Problem details:
Transcribe the listing below word for word but skip its images.

Data for the task:

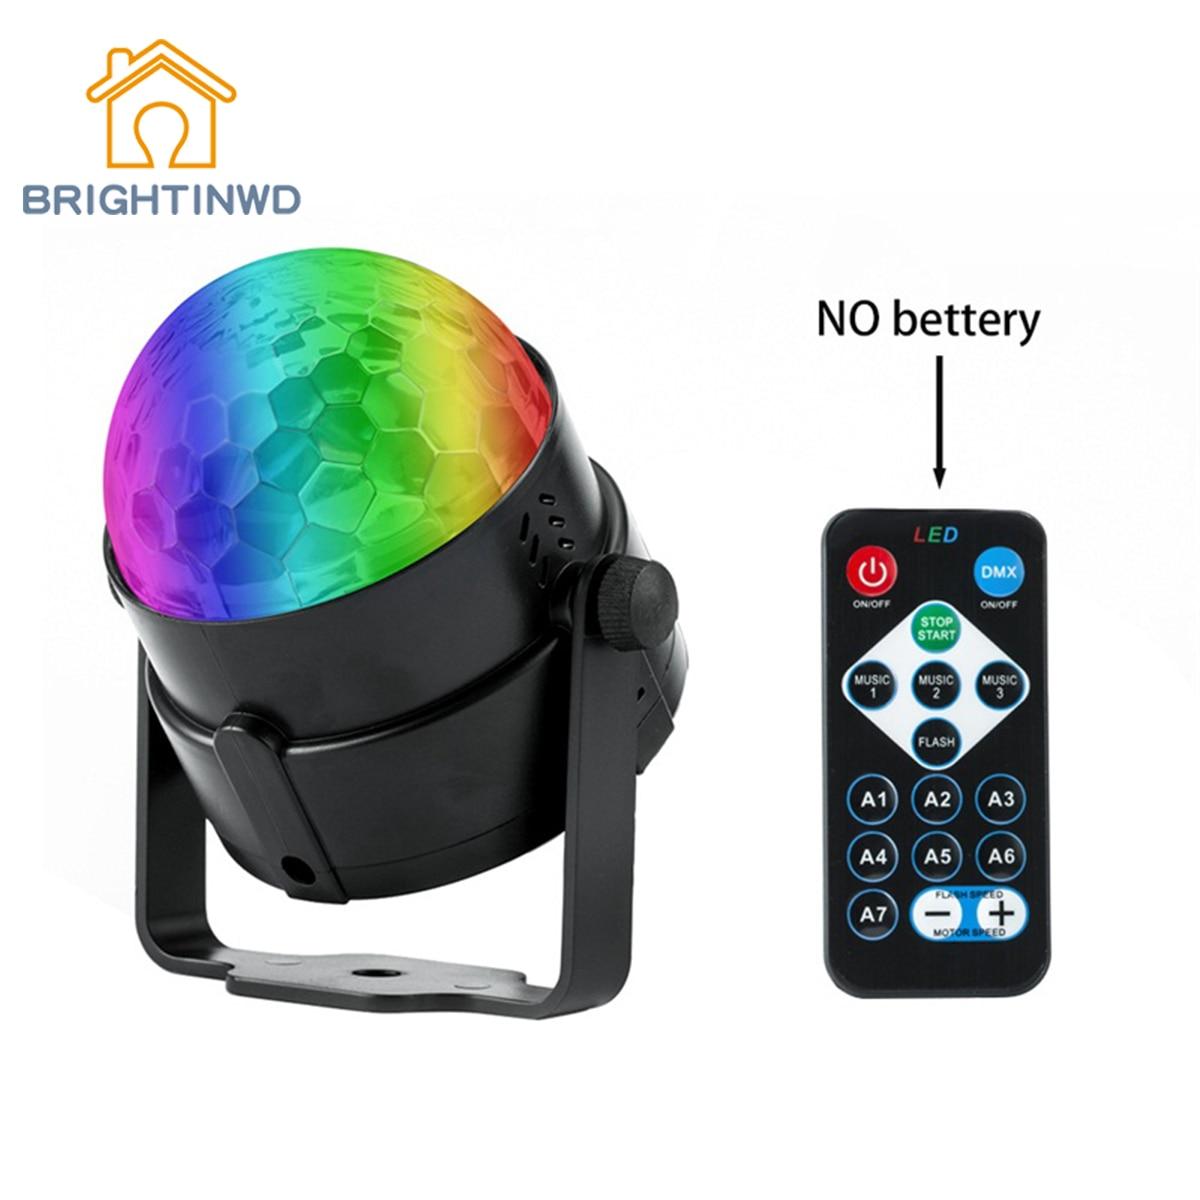 BRIGHTINWD DJ Club Effect Light RGB LED Crystal Disco Ball Strobe Party Lights With Remote Control Rotating Stage Lights Dj
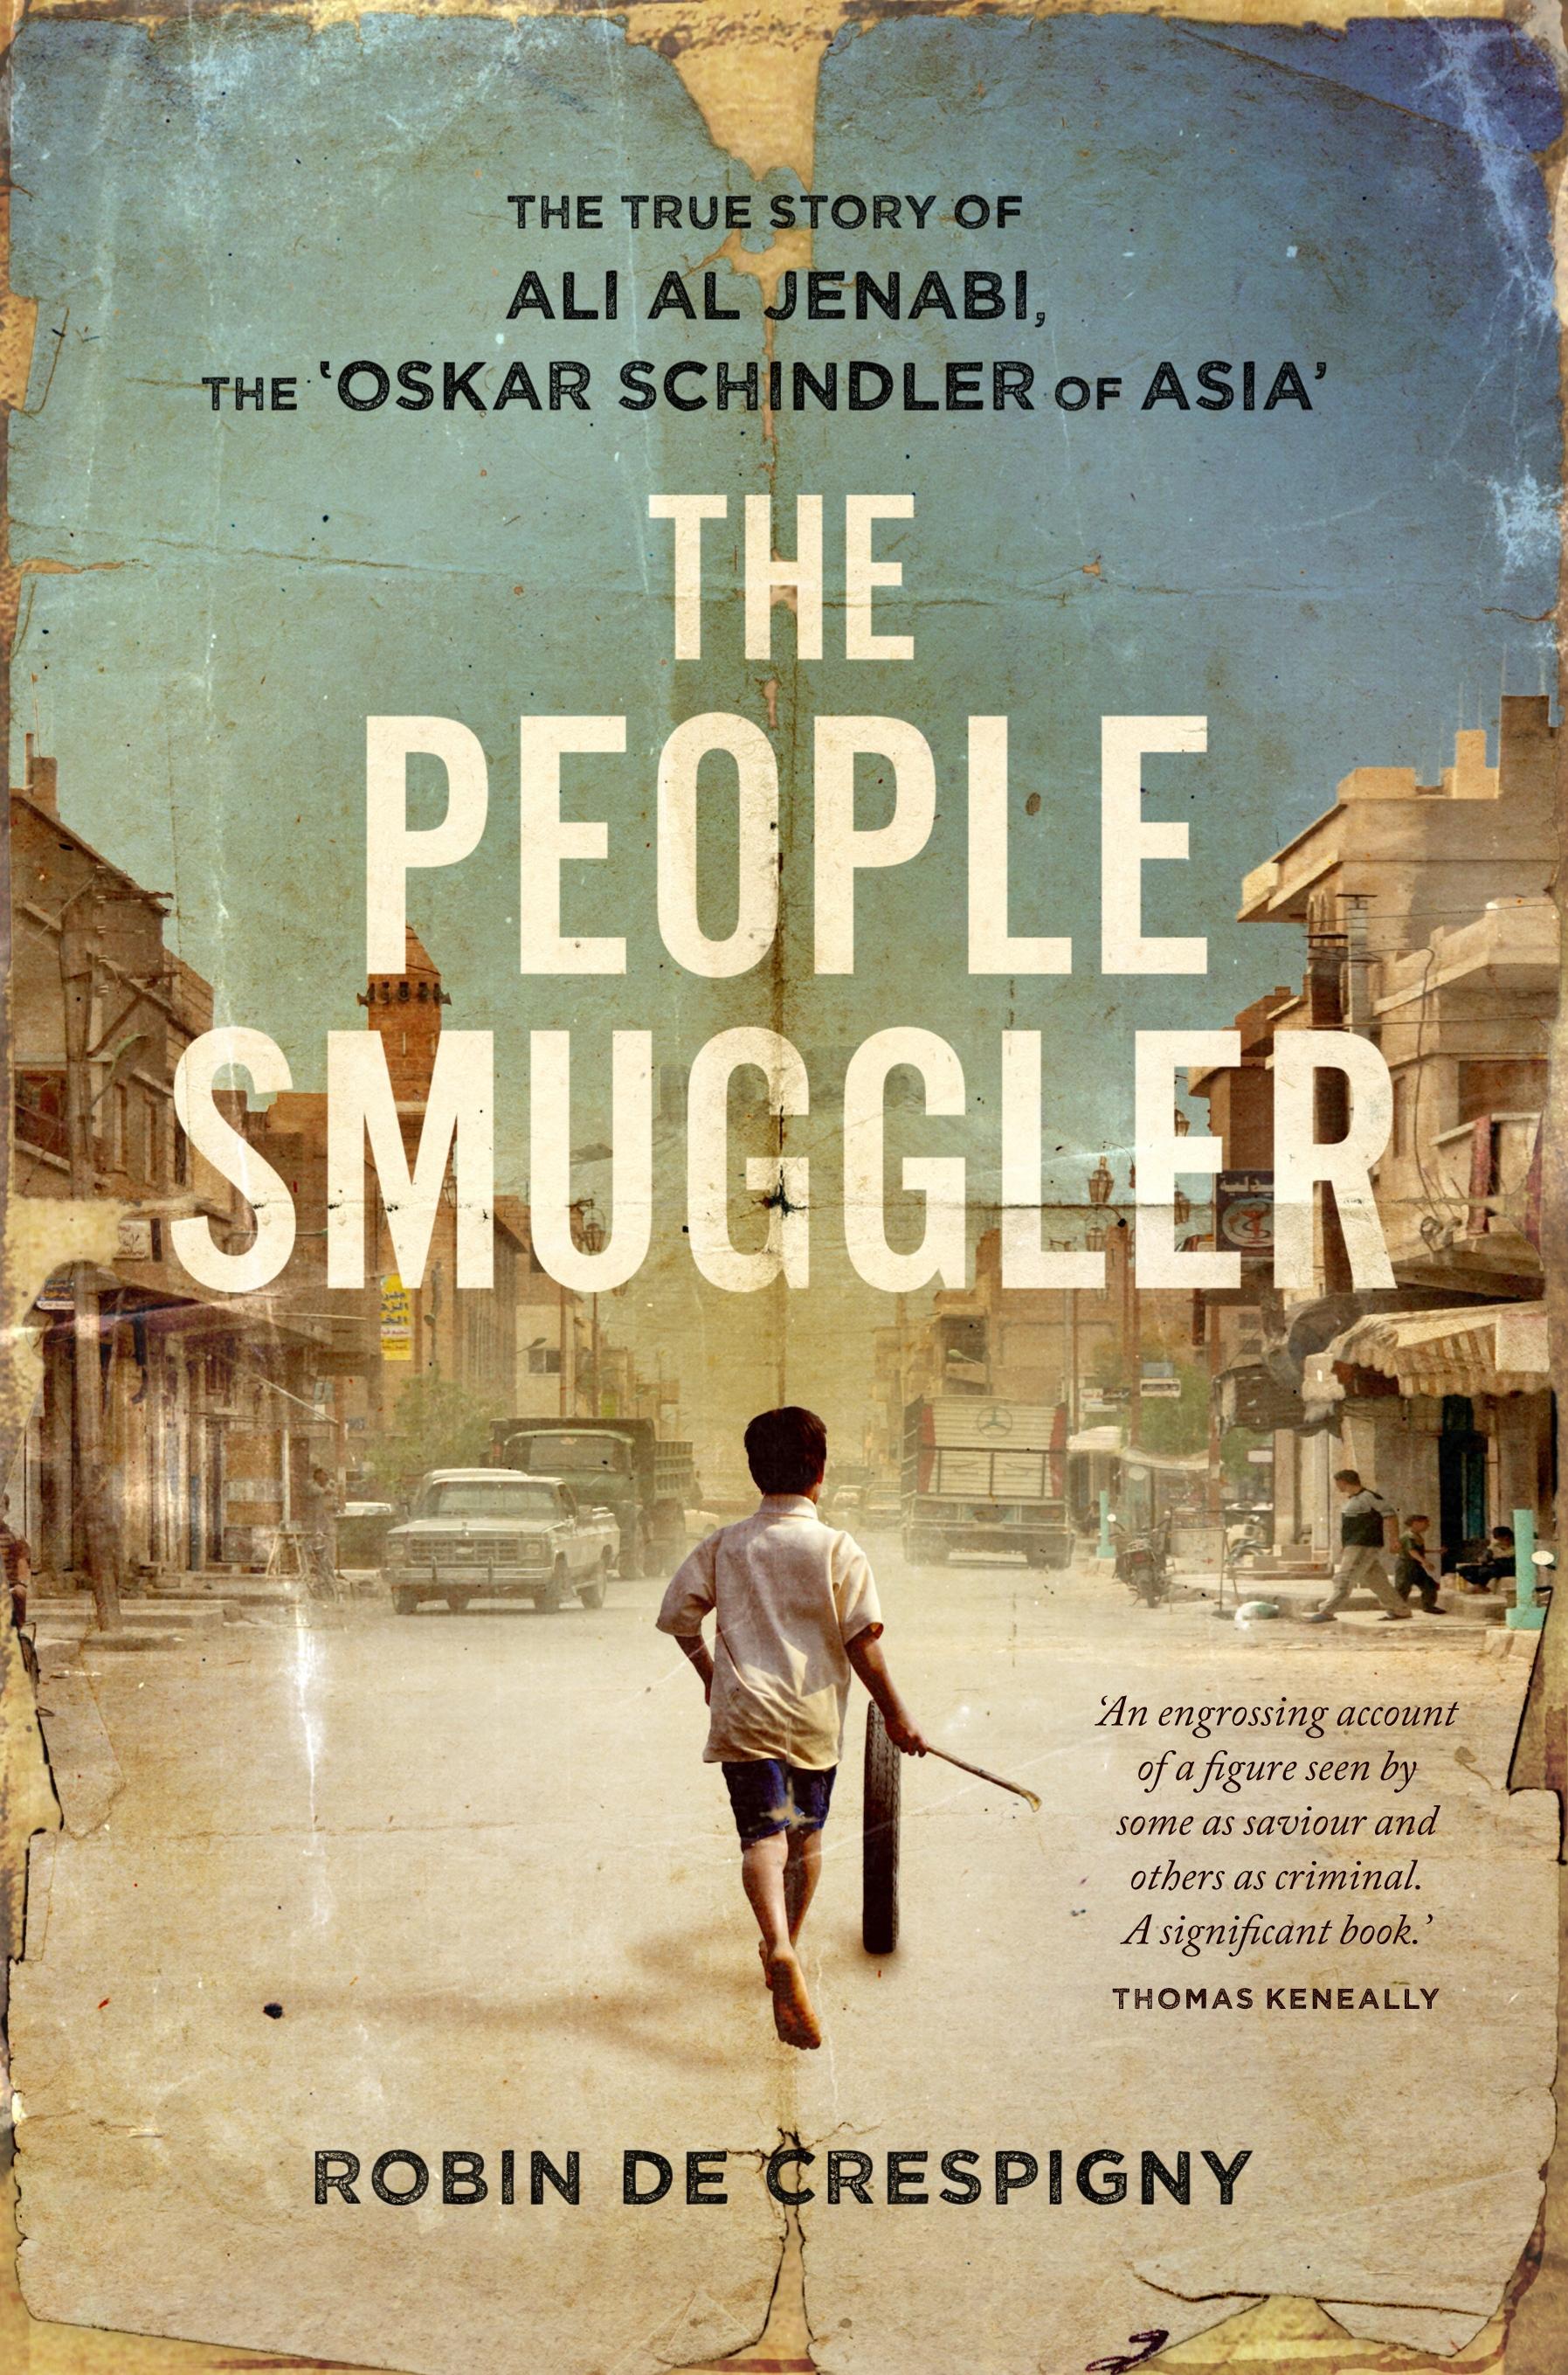 True Story Magazine Subscription: People Smuggler: The True Story Of Ali Al Jenabi, The
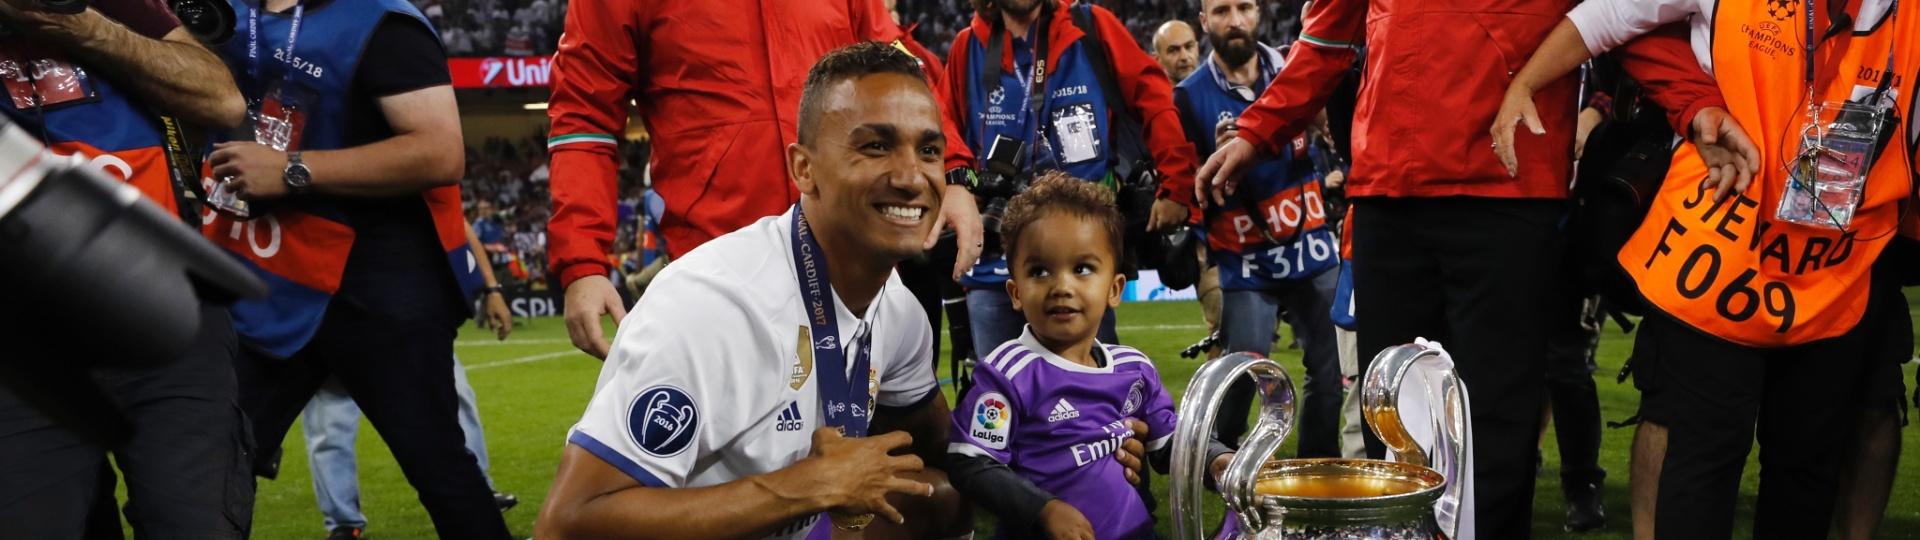 Danilo posa para foto ao lado da taça da Champions
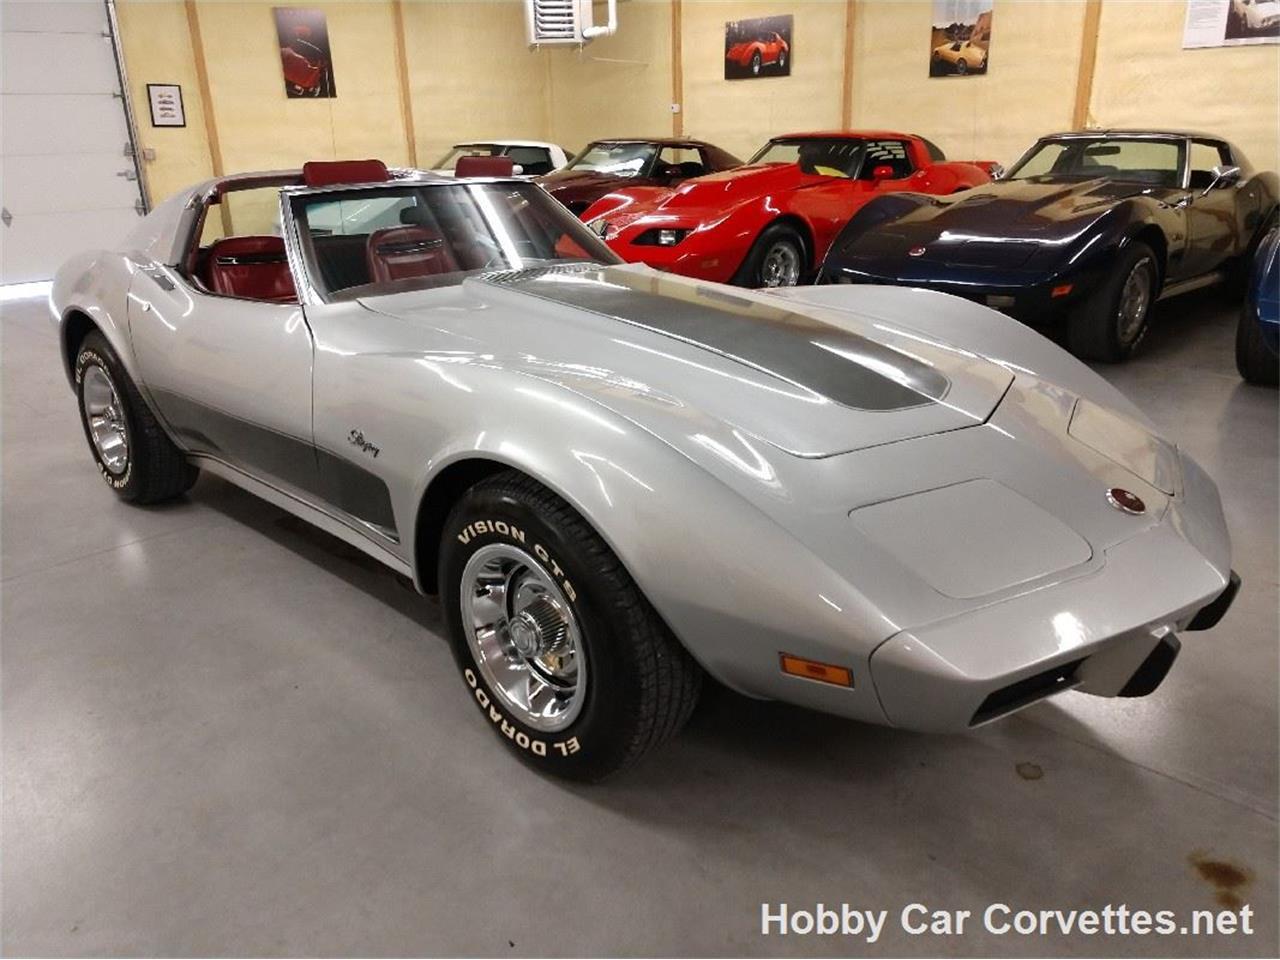 1975 Chevrolet Corvette (CC-1258527) for sale in martinsburg, Pennsylvania
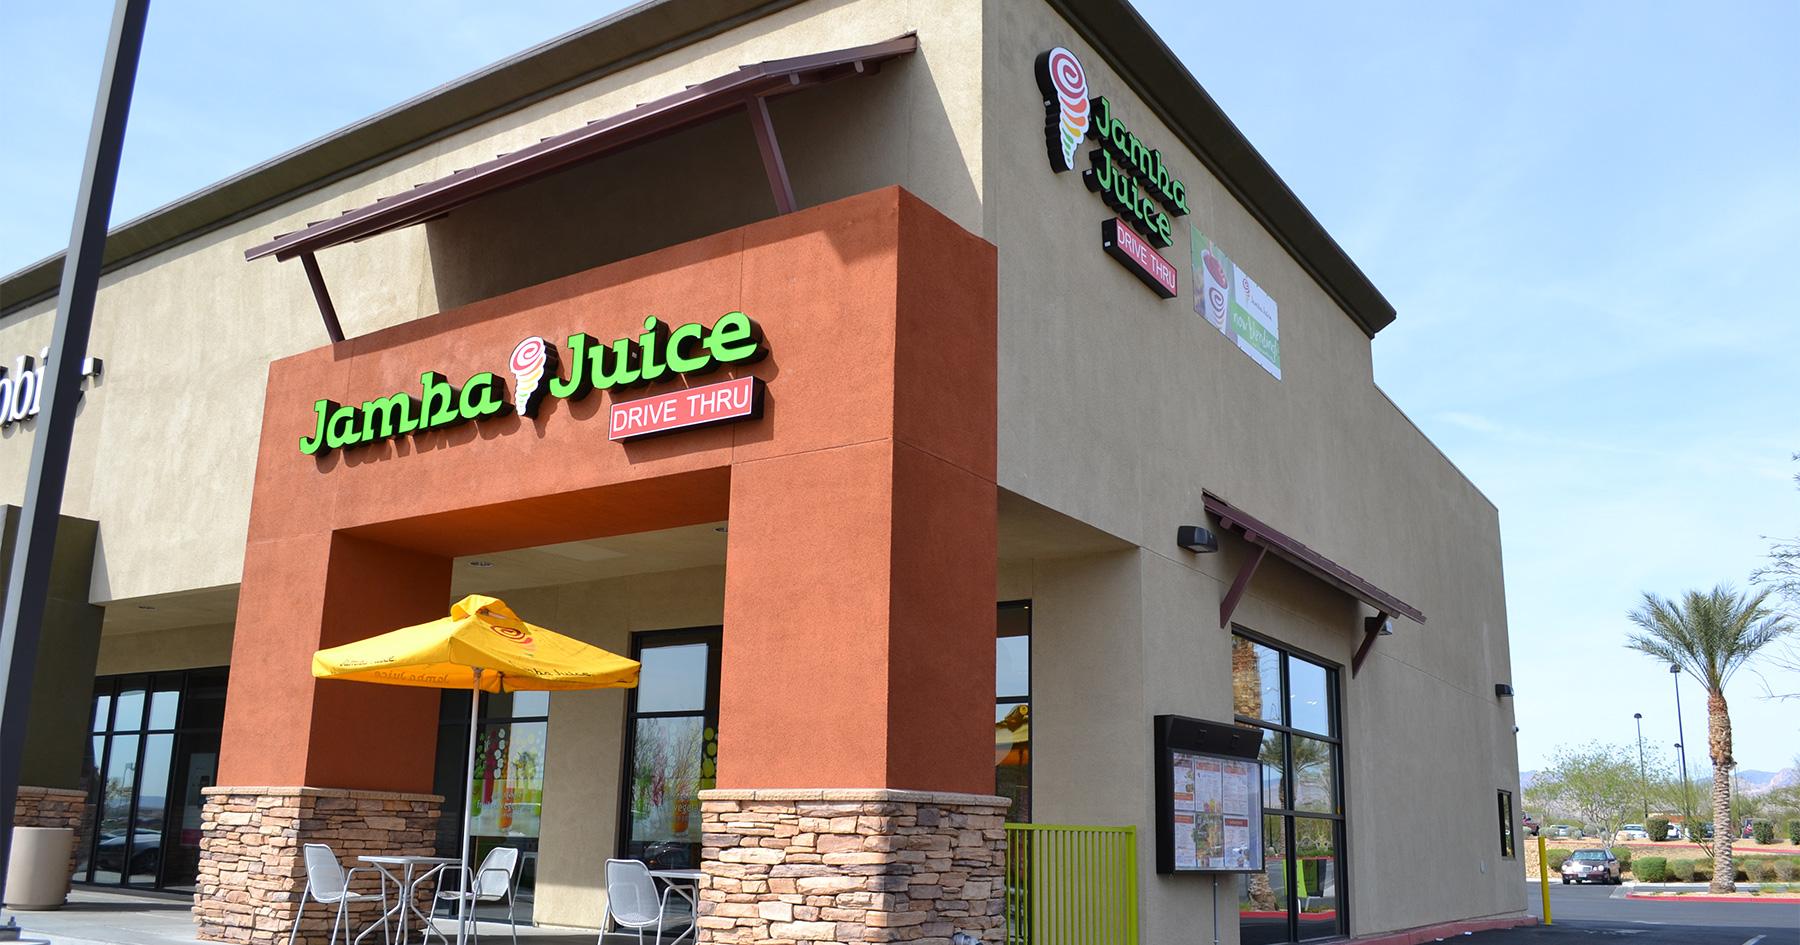 Drive Thrus Are Cornerstone Of Jamba Juice S Growth Plans

Result for this exercise:
 BRIGHTINWD DJ Club Effect Light RGB LED Crystal Disco Ball Strobe Party Lights With Remote Control Rotating Stage Lights Dj
 True Story Magazine Subscription: People Smuggler: The True Story Of Ali Al Jenabi, The
 Danilo posa para foto ao lado da taça da Champions
 1975 Chevrolet Corvette (CC-1258527) for sale in martinsburg, Pennsylvania
 Drive Thrus Are Cornerstone Of Jamba Juice S Growth Plans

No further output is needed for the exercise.